WHAT YOU SHOULD DO: Only one stretch of the data below is needed: the line with "Awesome Biker Mens" through the last line. Output it exactly and drop the pictures.

RAW DATA:
--

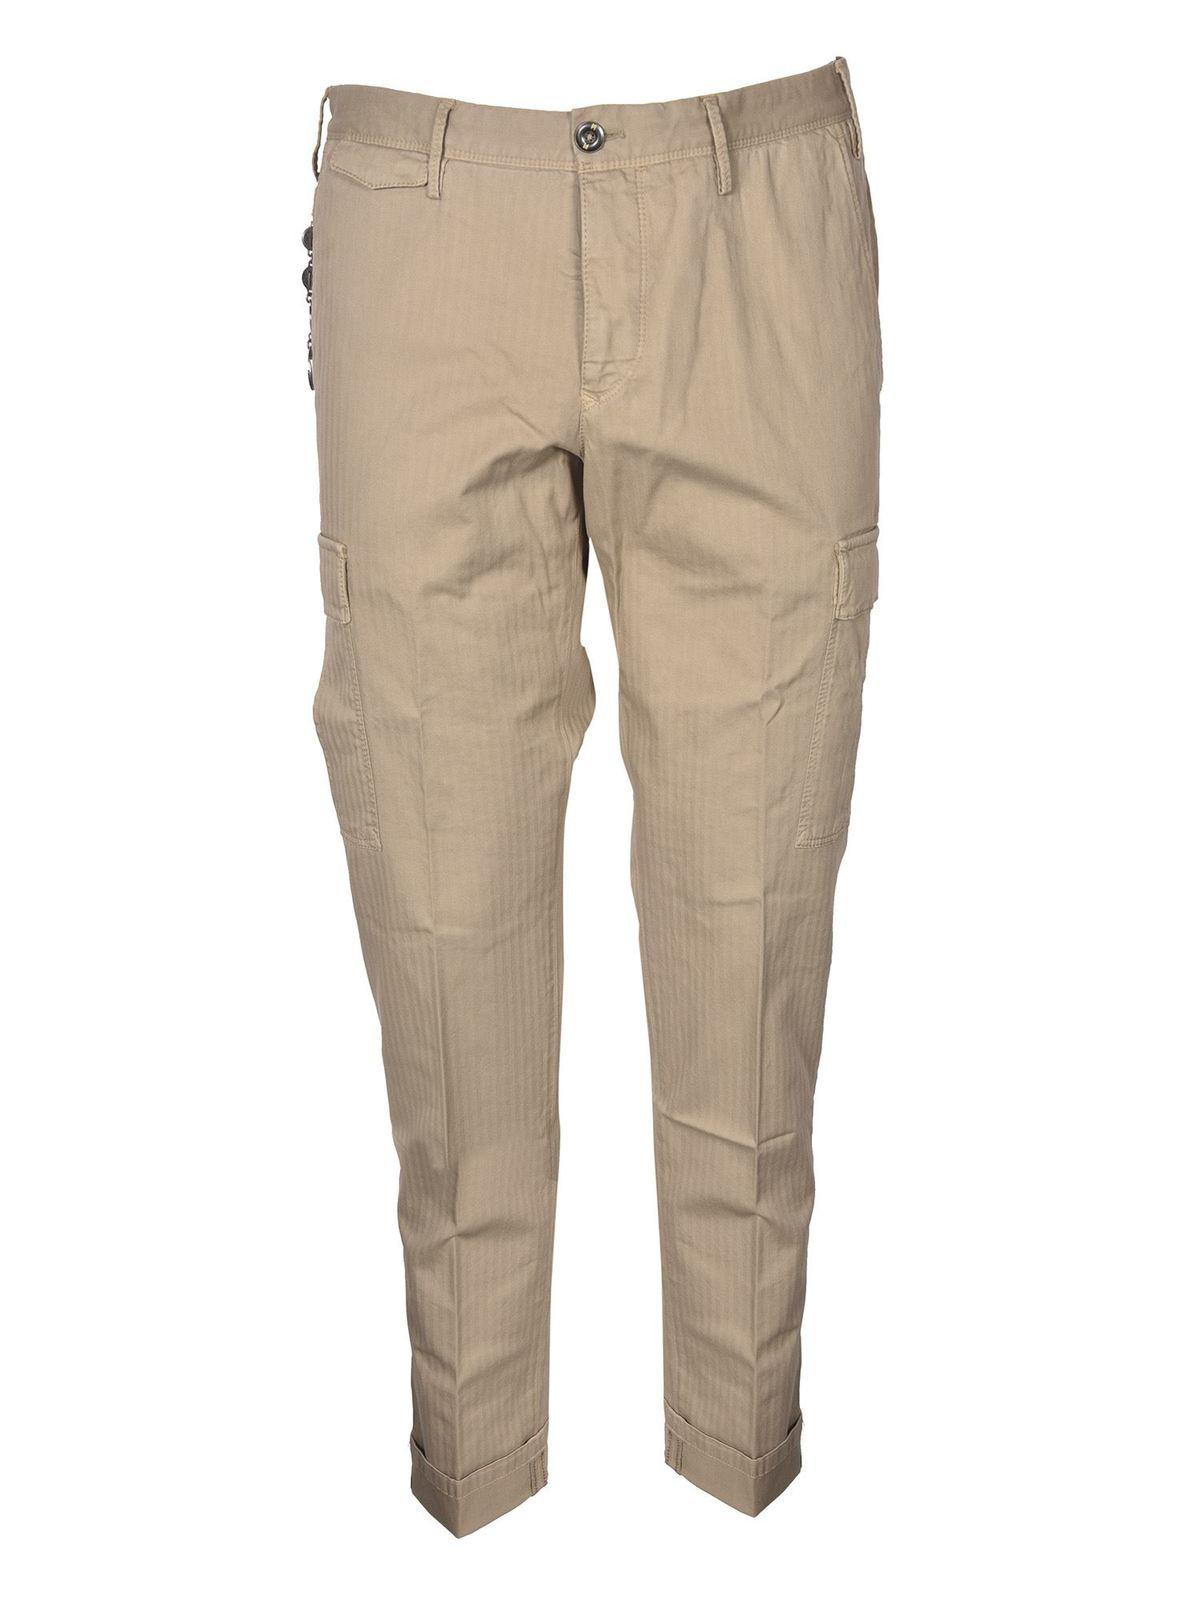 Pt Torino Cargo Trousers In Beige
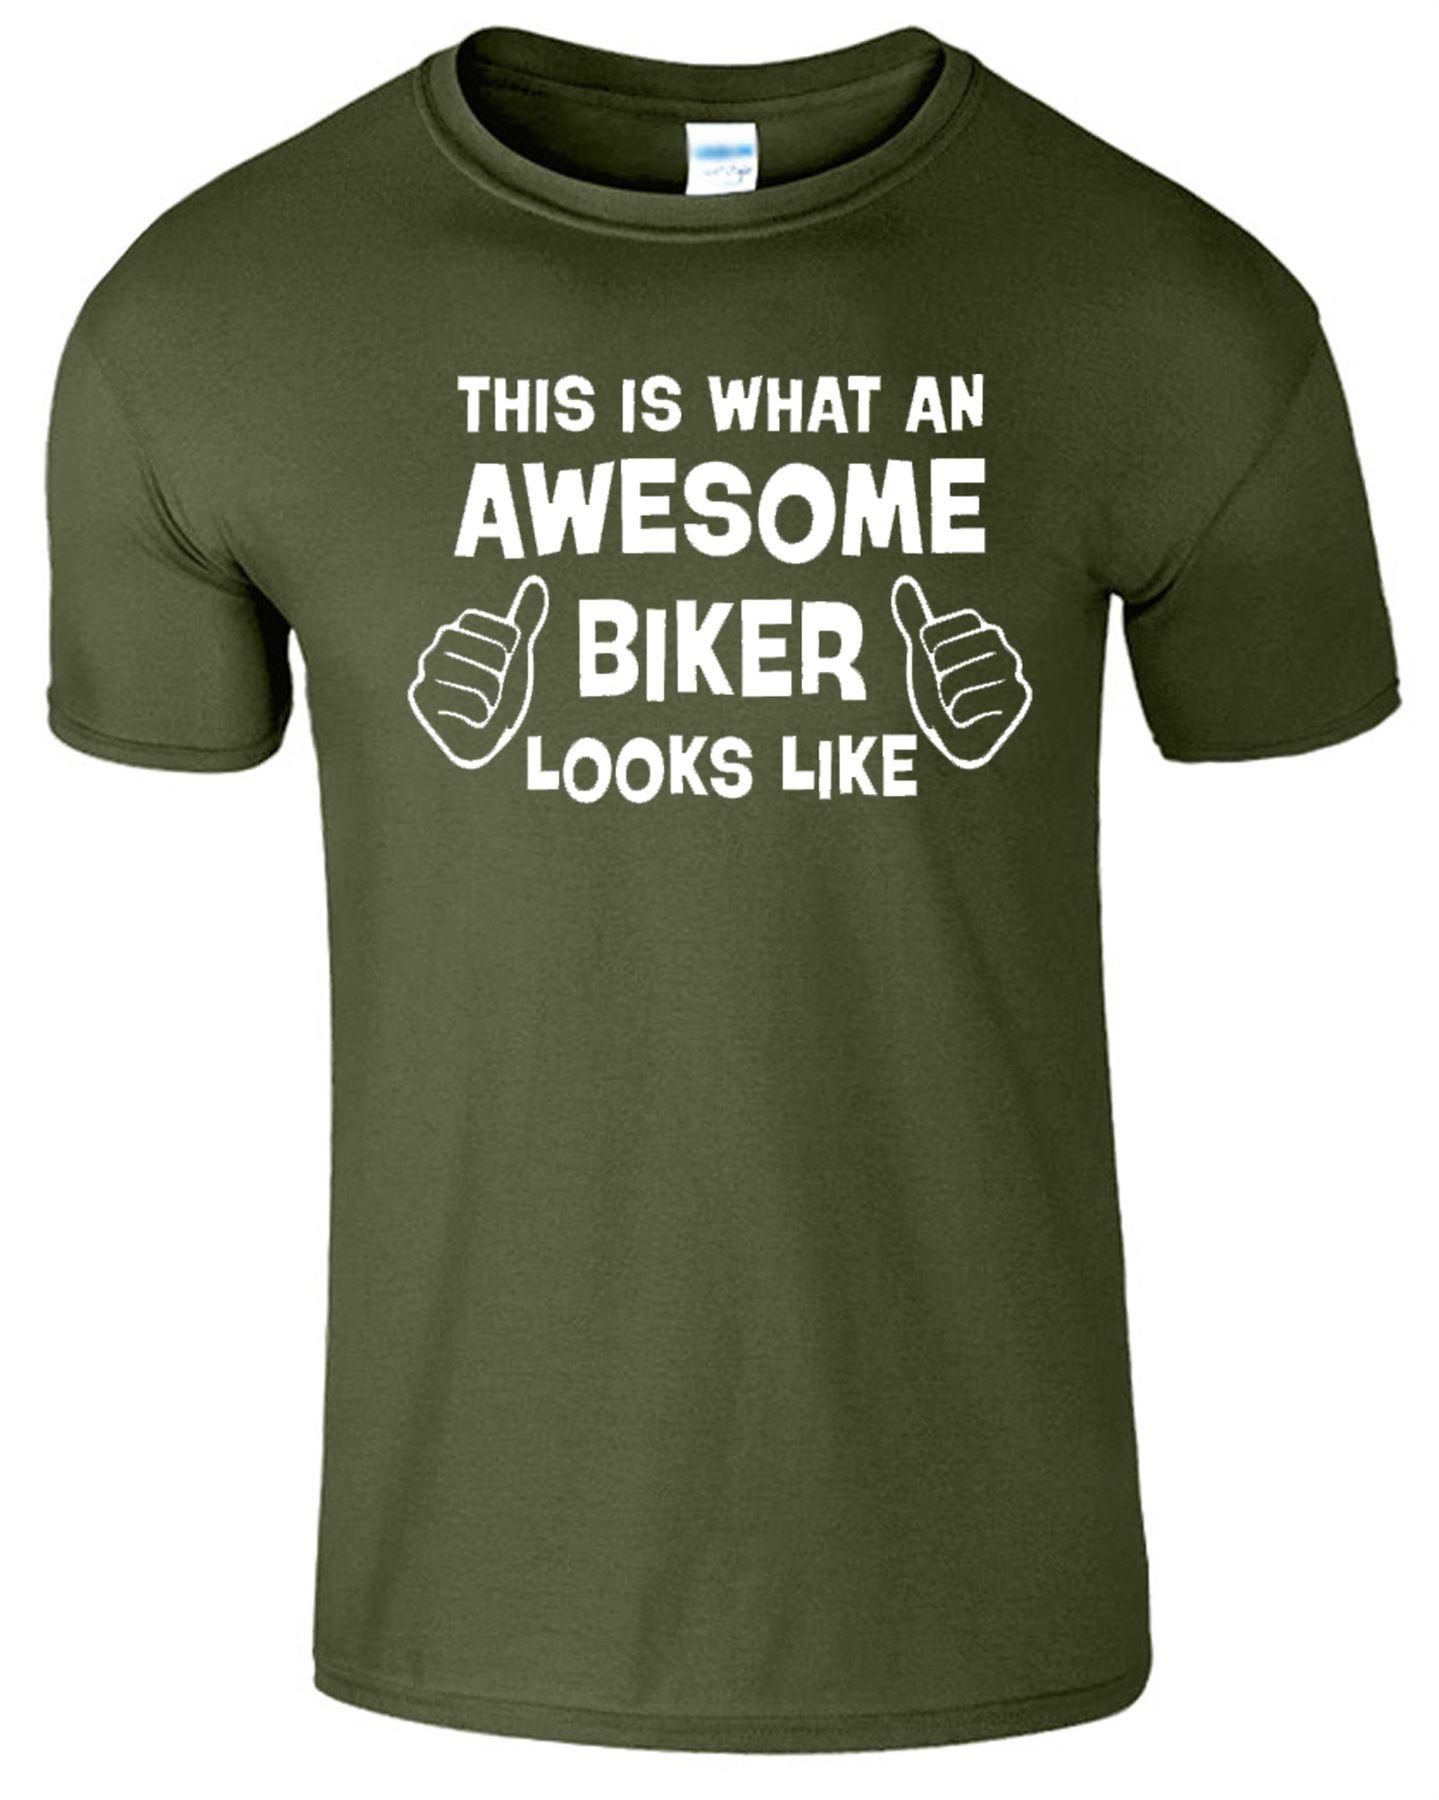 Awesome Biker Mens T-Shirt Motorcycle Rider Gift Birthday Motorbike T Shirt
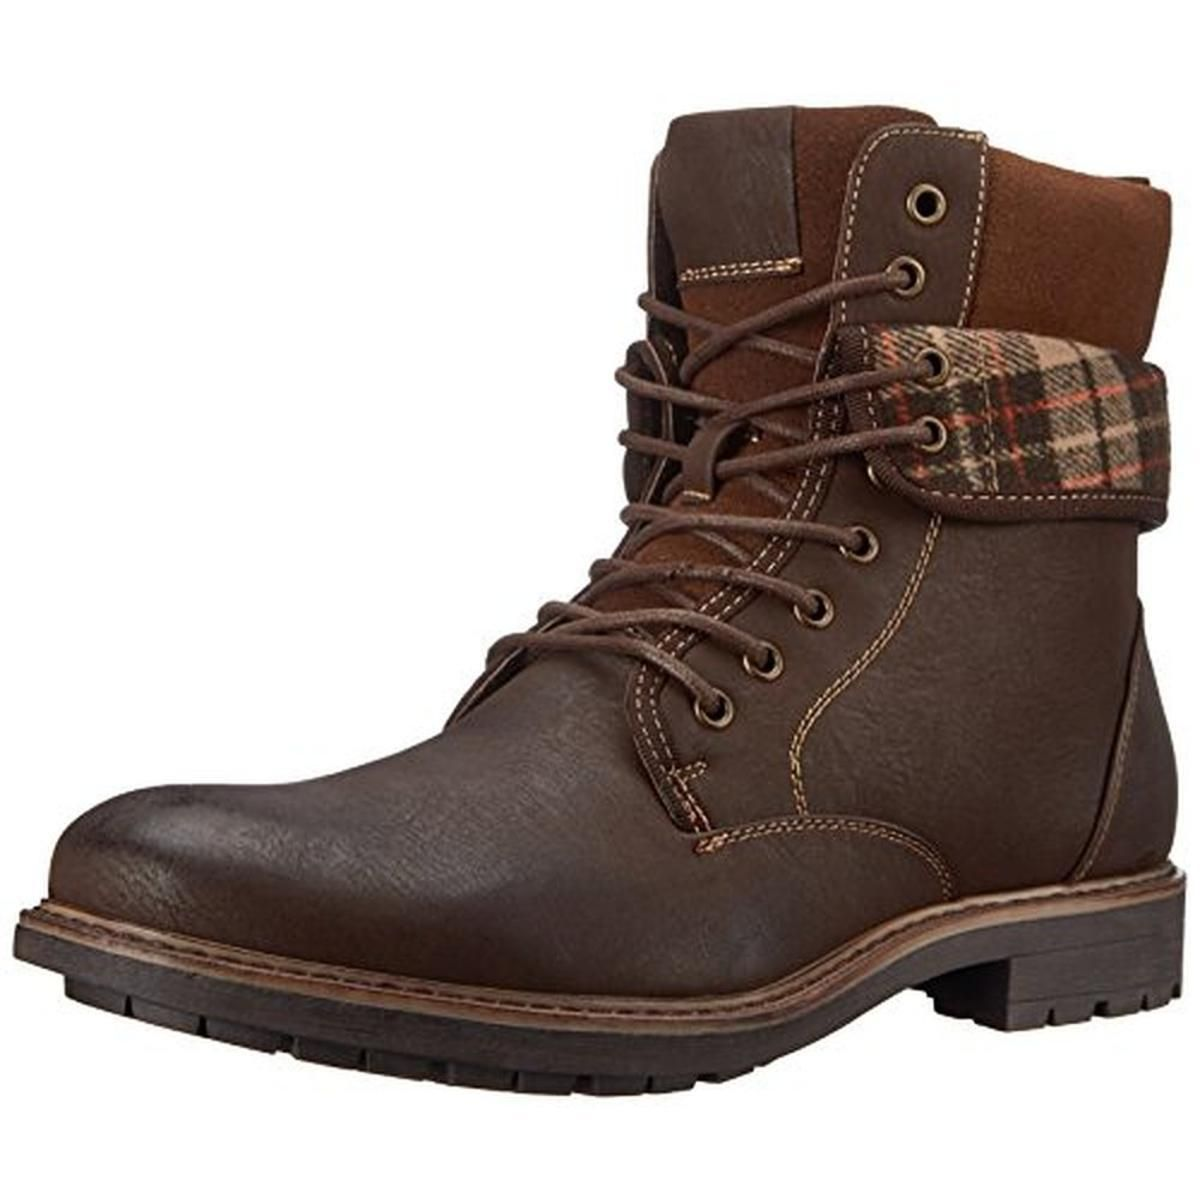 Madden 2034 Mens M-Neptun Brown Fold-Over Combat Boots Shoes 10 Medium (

--

SOLUTION FOR THIS TASK:
 Awesome Biker Mens T-Shirt Motorcycle Rider Gift Birthday Motorbike T Shirt
 Madden 2034 Mens M-Neptun Brown Fold-Over Combat Boots Shoes 10 Medium (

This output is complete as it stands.